Riguardo alla recente sentenza della Corte costituzionale in merito al lodo Alfano saranno scritte molte pagine sui periodici nazionali e le polemiche si trascineranno per diversi giorni. Nella baraonda di queste prime ore, mi viene spontaneo fare un passo indietro e riflettere su quanto accaduto. Oggi è un giorno molto importante per l’Italia, perché si conferma la validità di un ideale alla base di ogni Stato di diritto. «Tutti i cittadini sono eguali davanti alla legge», art. 3 della Costituzione. Punto. Se le cose fossero andate diversamente si sarebbe messo in discussione un principio sacro intorno a cui ruota la giustizia, un valore per cui molte persone hanno dato la vita nel corso della storia e per cui ancora si lotta in alcune parti del mondo.
Attenzione, le mie parole non hanno alcun colore partitico. Non sto dicendo da che parte stiano i buoni e chi sono i cattivi; vorrei fare un ragionamento più ampio, per il resto ciascuno faccia le proprie valutazioni. Volendo sviscerare il problema, consideriamo per un secondo anche l’ipotesi che in un momento storico possano esistere dei giudici di parte e che questi si organizzino con l’obiettivo illegittimo di perseguitare un gruppo di potere. Il modo più corretto di risolvere il problema non consisterebbe nel sollevare le persone perseguitate dal rispetto della legge. Sarebbe doveroso invece prendere provvedimenti nei confronti dei giudici scorretti, dopo aver dimostrato nei fatti che il loro comportamento è tale.
Tutto questo è già previsto all’interno del nostro ordinamento. Tramite il Consiglio superiore della magistratura, che non è un distaccamento ex-sovietico di sinistra sovversiva, ma un serio organismo indipendente di controllo.

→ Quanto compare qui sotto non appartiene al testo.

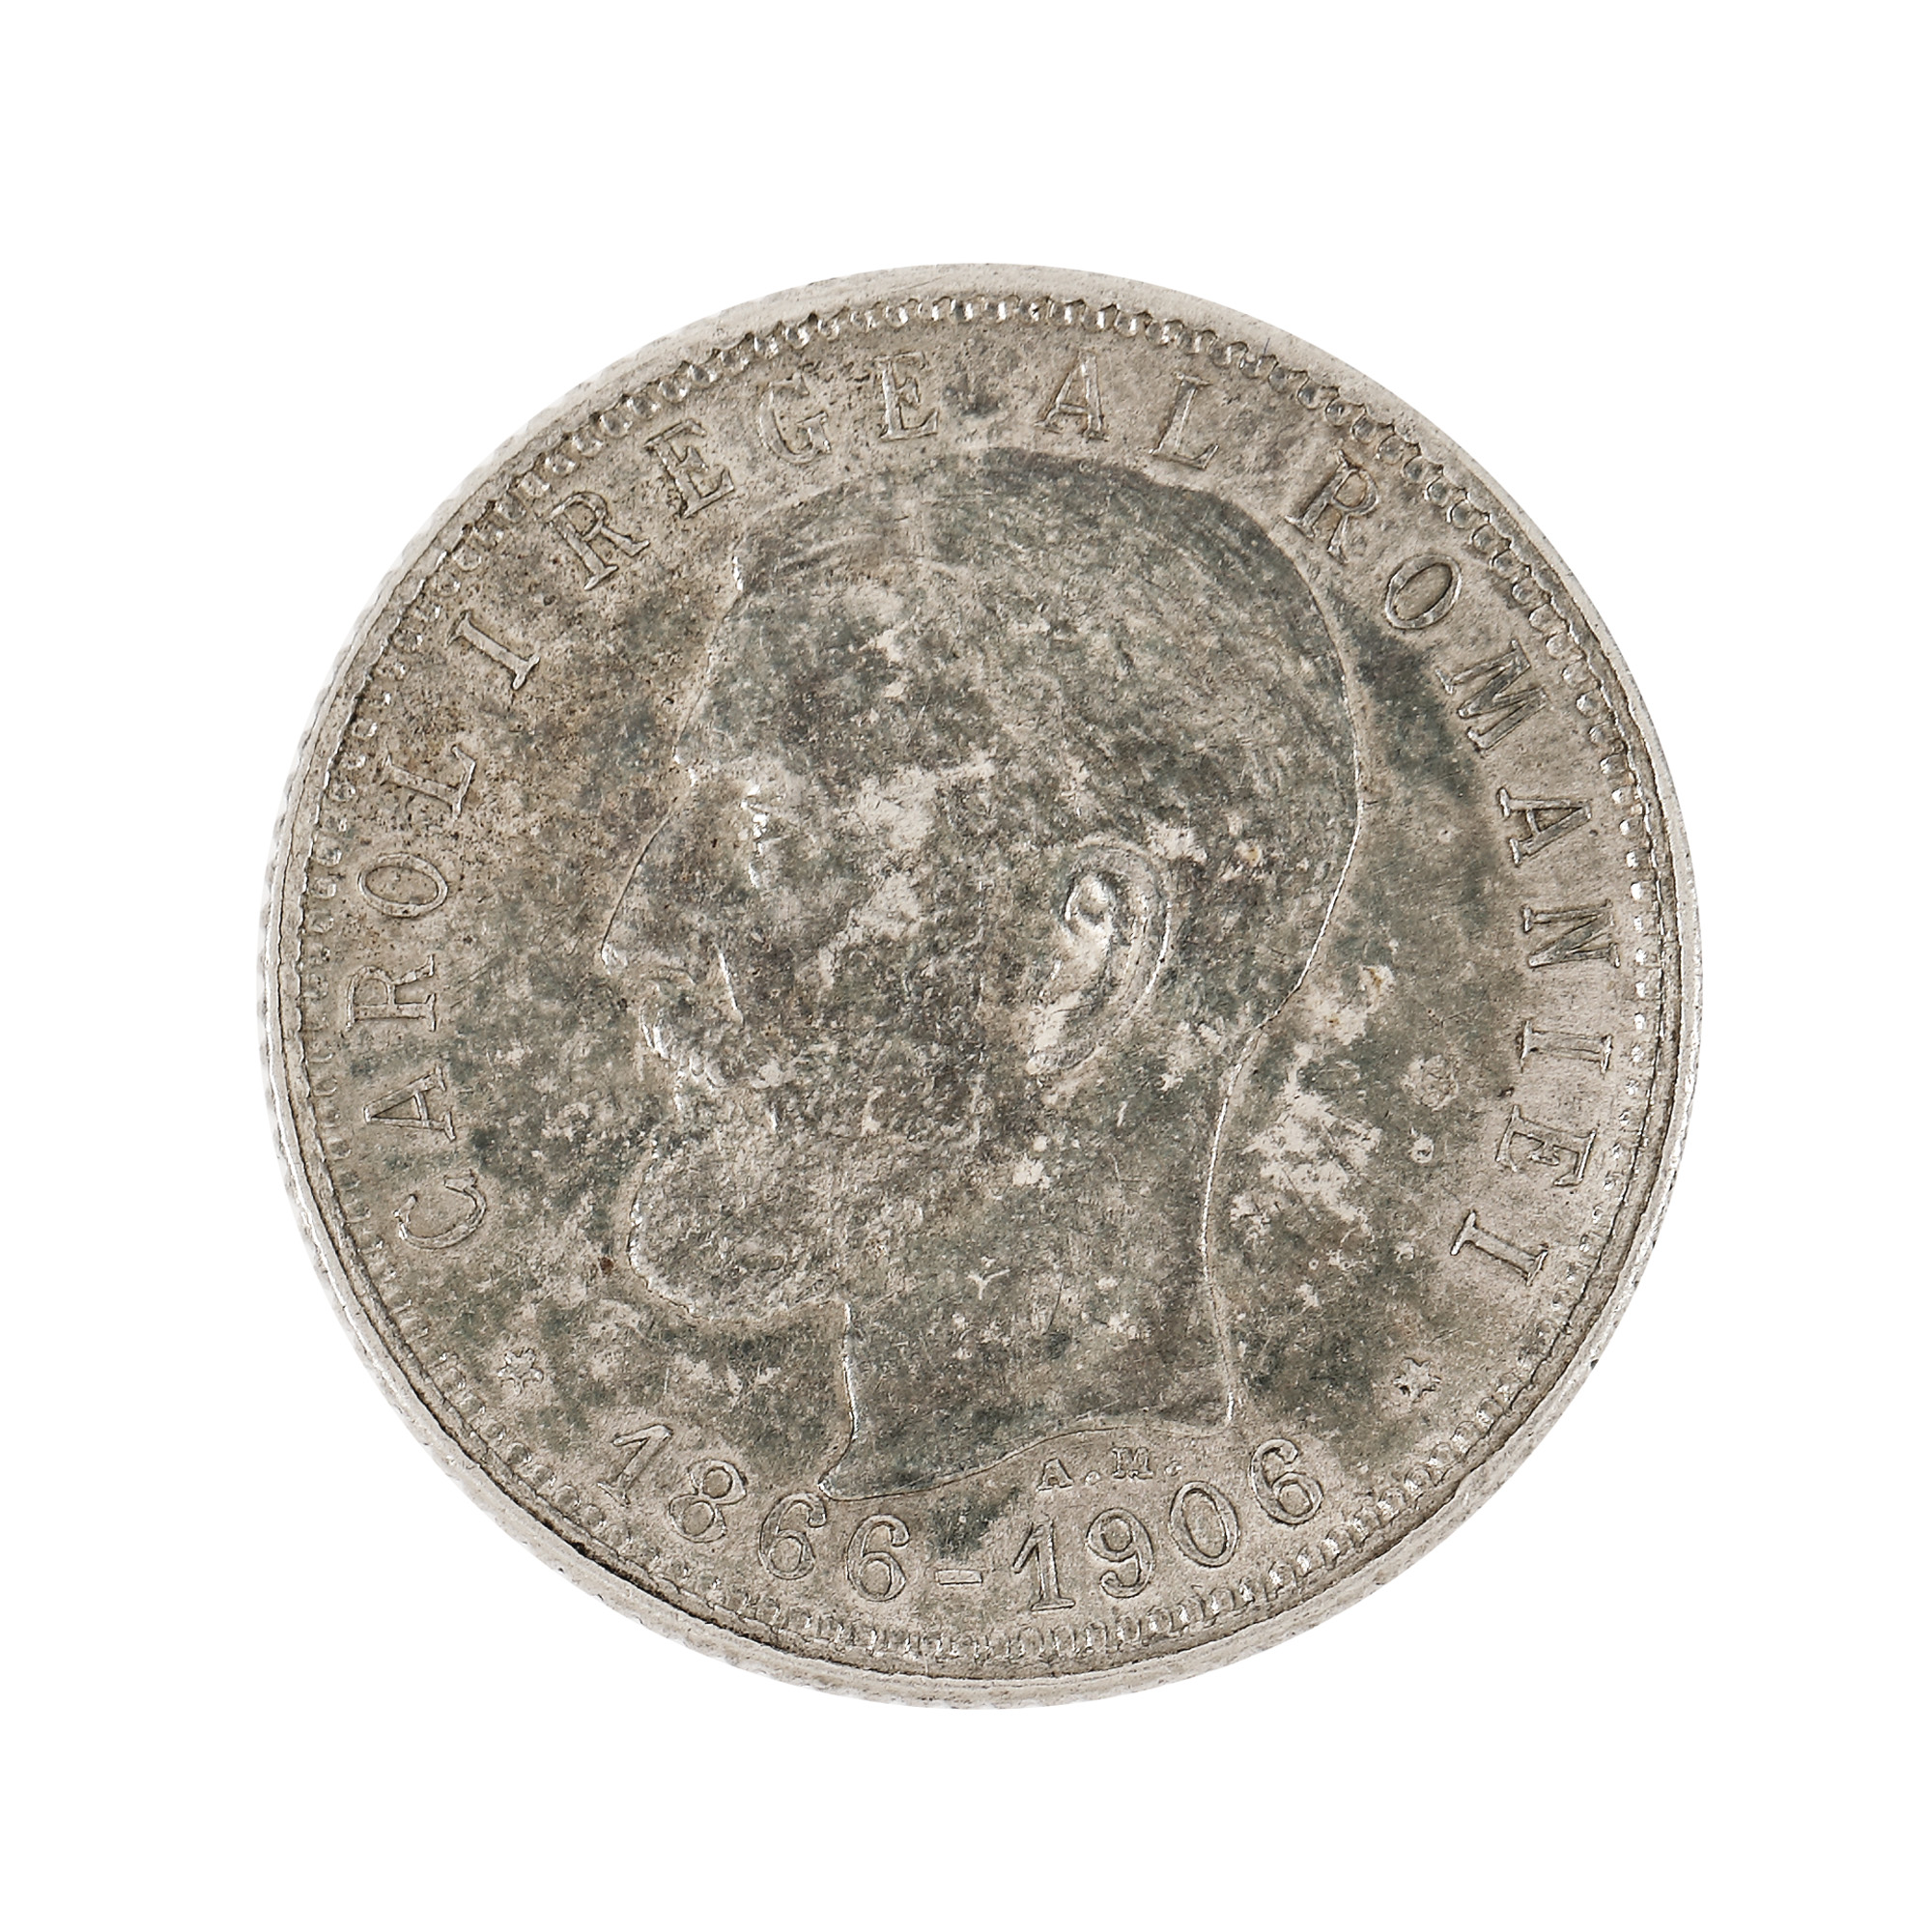 1 Leu 1906 coin, silver - Image 2 of 2

Le dichiarazioni rilasciate da entrambi gli schieramenti prima e dopo la sentenza la dicono lunga invece sullo stato in cui versa la nostra classe politica.
Bossi ha minacciato la «rivoluzione dei Galli». Ghedini e Pecorella hanno parlato di «primus super pares», dicendo che «la legge è uguale per tutti ma non sempre lo è la sua applicazione» (ci rendiamo conto?), sostenendo che uno strumento come il lodo Alfano è «presente in quasi tutti i Paesi d’Europa». Berlusconi ha dichiarato di «avere il supporto del 70% degli italiani» (alle ultime elezioni politiche erano circa il 47% – ndr), aggiungendo che «il 72% della stampa italiana è di sinistra» (ma come, “Panorama” e “Il Giornale” sono di sua diretta proprietà, “Libero”, “Il Messaggero”, “La Stampa” e “Avvenire” non li definirei degli avamposti comunisti, oltre al “Sole 24 Ore” e al “Corriere della sera”). Di Pietro invece ha chiesto le dimissioni immediate del premier (non si capisce in base a quale principio, dato che è stato democraticamente eletto e qualunque cittadino finché non ha una sentenza passata in giudicato, secondo la legge, è da considerarsi giustamente innocente).
Forse sarebbe meglio abbassare tutti un attimo il tono della voce, pensando meglio a ciò che si ha da dire. Intanto oggi è un giorno da festeggiare perché certi ideali sono ancora lì al loro posto. A prescindere dalla parte politica a cui si appartiene.